# Saddle bronc or bull riding?



## usandpets (Jan 1, 2011)

Does anyone do either? We have a rodeo coming up shortly. I've been debating about trying saddle bronc or possibly bull riding there. I've never done it before but would like to give it a try, just to see what it's like. Anyone have any pointers?
_Posted via Mobile Device_


----------



## Aggs (Apr 9, 2013)

I don't think that this is something that you can just "give it a wirl" Bull and Bronc riding requires practice. I've ridden both and been thrown pretty hard.


----------



## smrobs (Jul 30, 2008)

No offense, but like Aggs said, neither is something that you just decide "well, it looks like fun" and give it a shot with any hope of a positive outcome.

If you want to just try one out, then you might get in contact with your local college or high school rodeo director. They generally have stock for practice and training that is easier to cover than real rodeo stock...and they can give you help about how to stick with them.

I've rode a few bucking horses (didn't want them to buck, but they did) and I've also rode a few steers in my day. Truthfully, I don't want to do either of them again. Just too much risk to getting hurt...especially if the stock level is above a person's capability.

With no experience, the best you're likely looking at is a buckoff right out of the gate...so short you don't even get to enjoy it. The worst is serious injury or death. Rodeo stock isn't something to screw around with just for grins and giggles.


----------



## Copperhead (Jun 27, 2012)

Most places require you to have your own equipment. If you want to ride a bull, you need your own strap. If you want to try saddle bronc, you need your own saddle bronc saddle and bronc halter. You'll also need your own vest and safety gear.

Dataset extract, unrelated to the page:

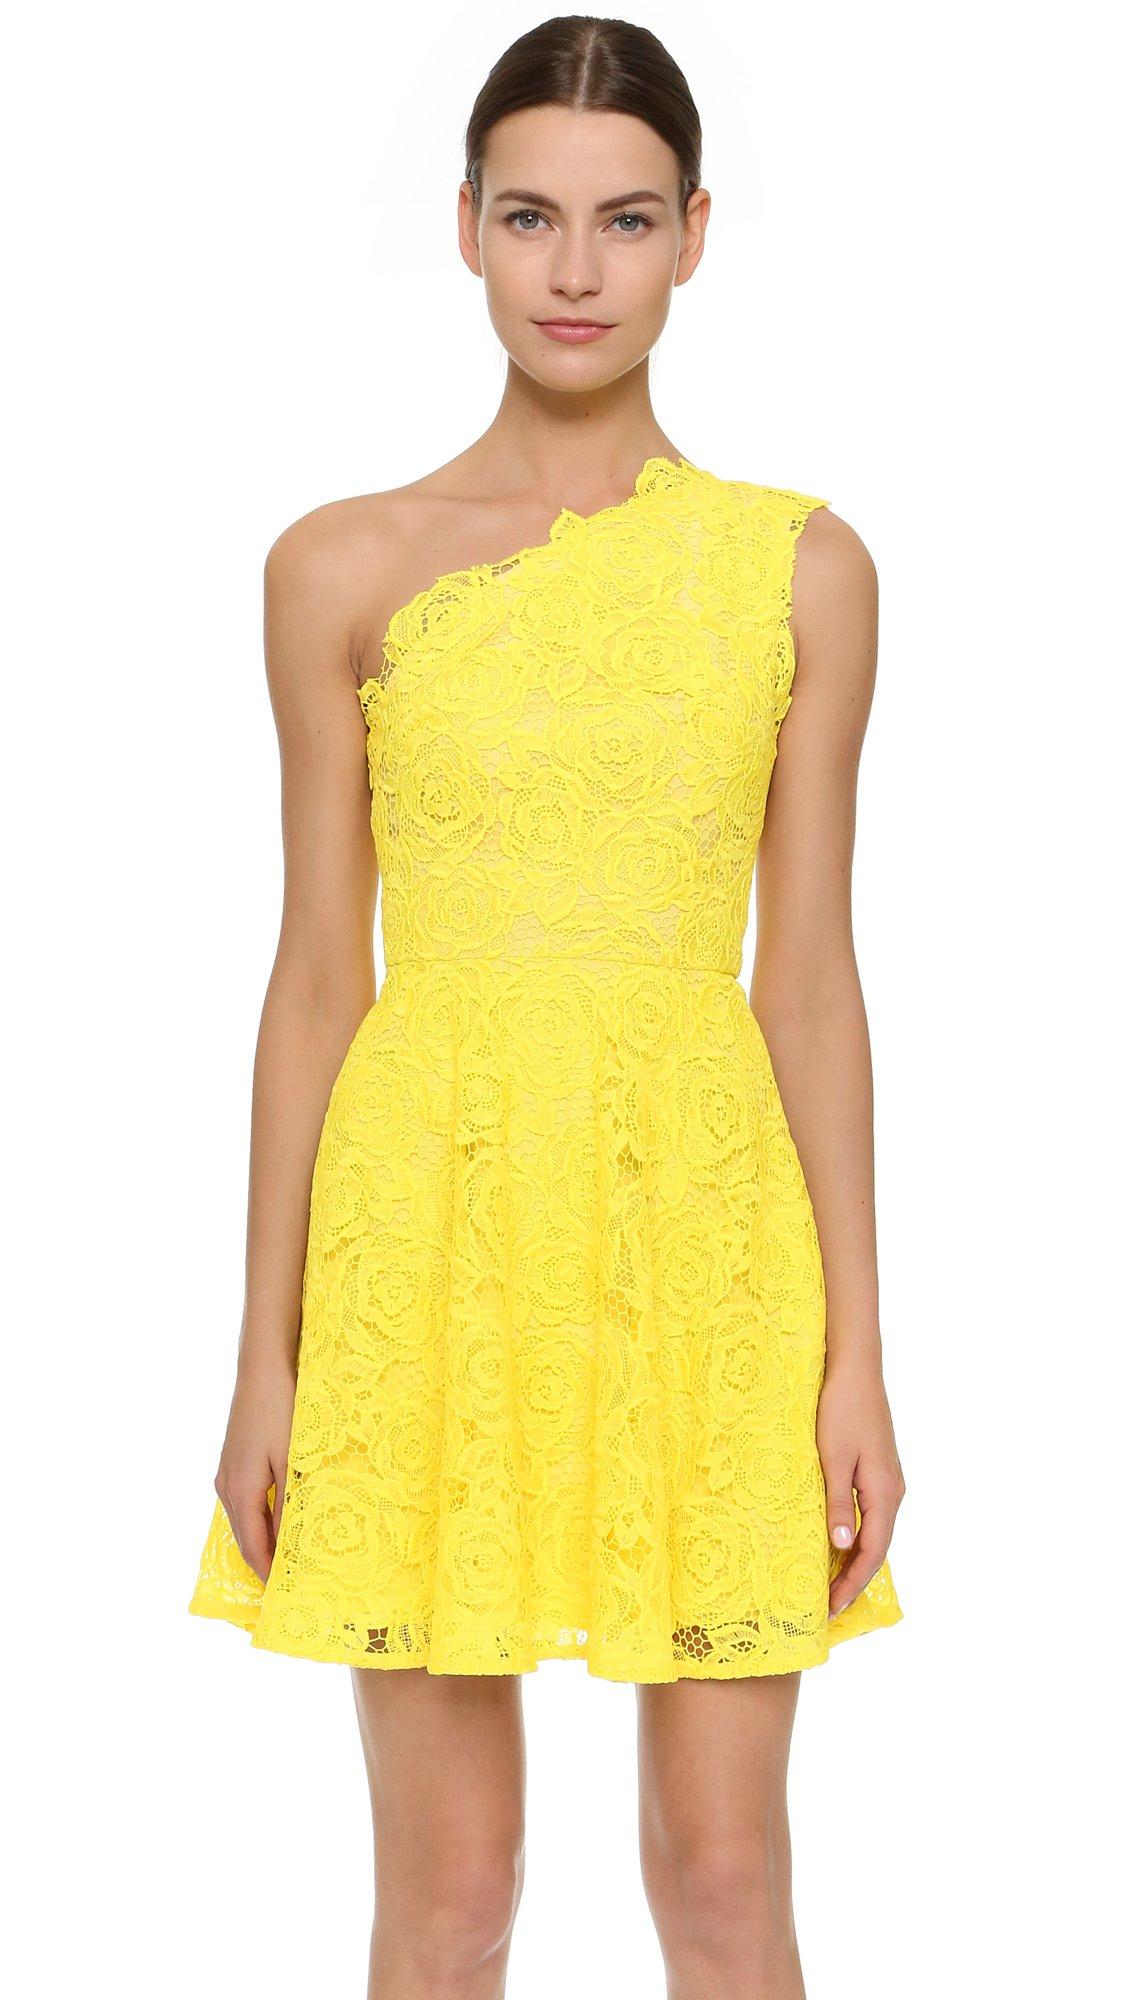 Lemon yellow cocktail dress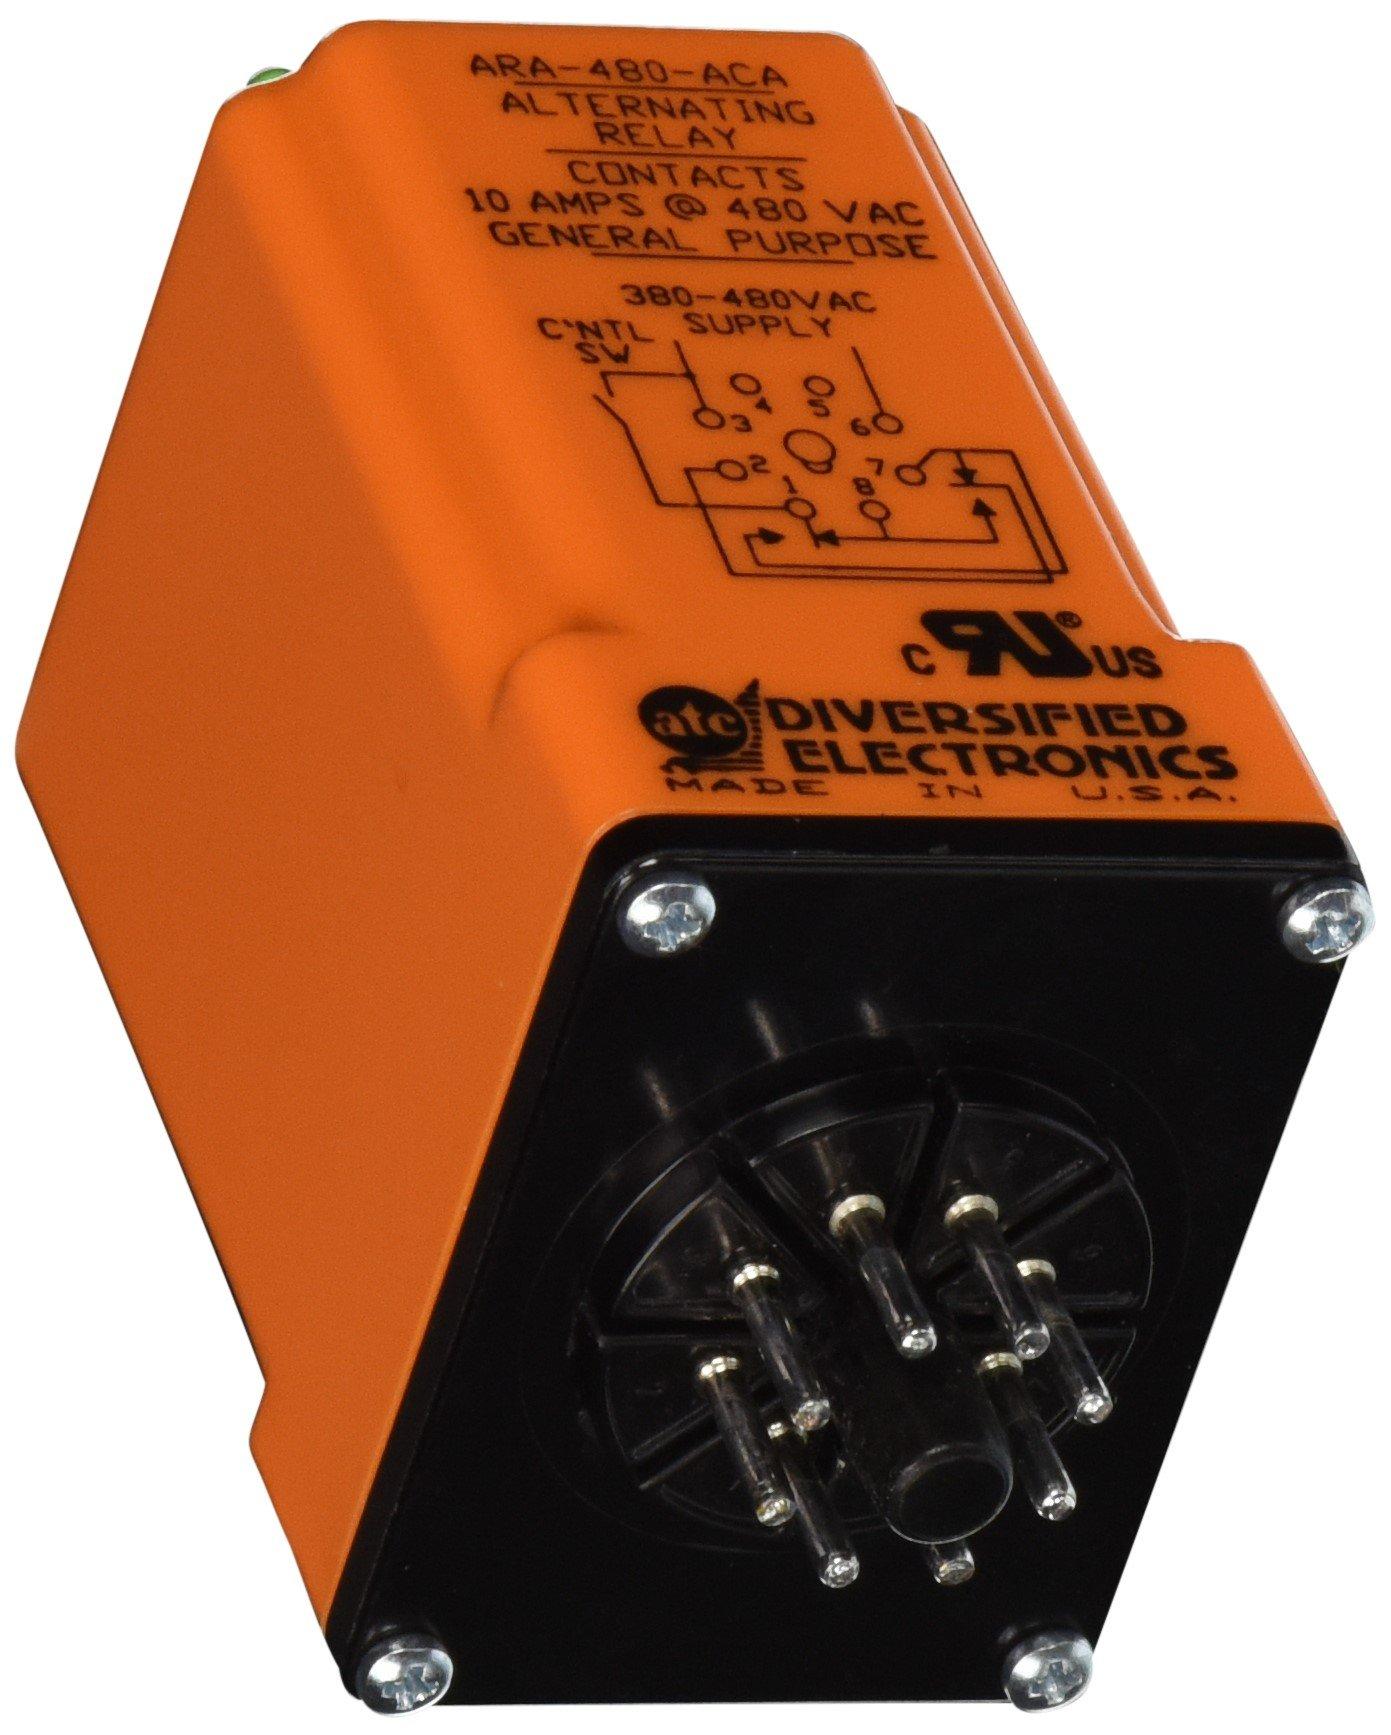 ATC ARA-480-ACA Plug-In Duplexor Alternating Relay, 480 VAC, DPDT x Wired

I've seen some mellow rodeos where the stock wasnt that vicious and I've seen the opposite, if you do have the equipment and try it out, get it on video!


----------



## MsLady (Apr 18, 2013)

If you are really interested there are actually camps where you can go and learn by professionals the right way and safe way to do this.
_Posted via Mobile Device_


----------



## usandpets (Jan 1, 2011)

Copperhead said:


> Most places require you to have your own equipment. If you want to ride a bull, you need your own strap. If you want to try saddle bronc, you need your own saddle bronc saddle and bronc halter. You'll also need your own vest and safety gear.
> 
> I've seen some mellow rodeos where the stock wasnt that vicious and I've seen the opposite, if you do have the equipment and try it out, get it on video!


That's what I thought. Since I don't have any, I don't think I'll do it. 

I might check into if there are classes or camps though.
_Posted via Mobile Device_


----------



## boots (Jan 16, 2012)

You've gotten good, sane advice. So don't listen to me...

Start with bareback broncs, bum a riggin', and hang on.


----------



## Foxhunter (Feb 5, 2012)

I think that bull riders have to be the most insane of sportsmen!
I use to think it was the National Hunt jockeys - they have on average a fall every six rides. Now I know it is the bull riders, they have a fall every ride!


----------



## smrobs (Jul 30, 2008)

^^And the worst part about being a bull rider is that the critter that just pile-drived you will often turn around and try to grind you into the ground with hooves or horns (or forehead if he's a muley).

Look up some videos of the bull "Spotted Fever". He was one of the worst about turning on downed cowboys like a cat.


----------



## Foxhunter (Feb 5, 2012)

I got hooked when I watched a video of Bodatious - heck, could that bull buck!

He soon learned how to smash a rider in the face which showed he had brains!

I will watch Spotted Fever tomorrow - my computer is always slow in the evening.


----------



## smrobs (Jul 30, 2008)

Bodacious was just straight up nasty, that's why they had to retire him. He was hurting too many folks and after smashing a couple of faces very badly, they deemed him too dangerous to ride.


----------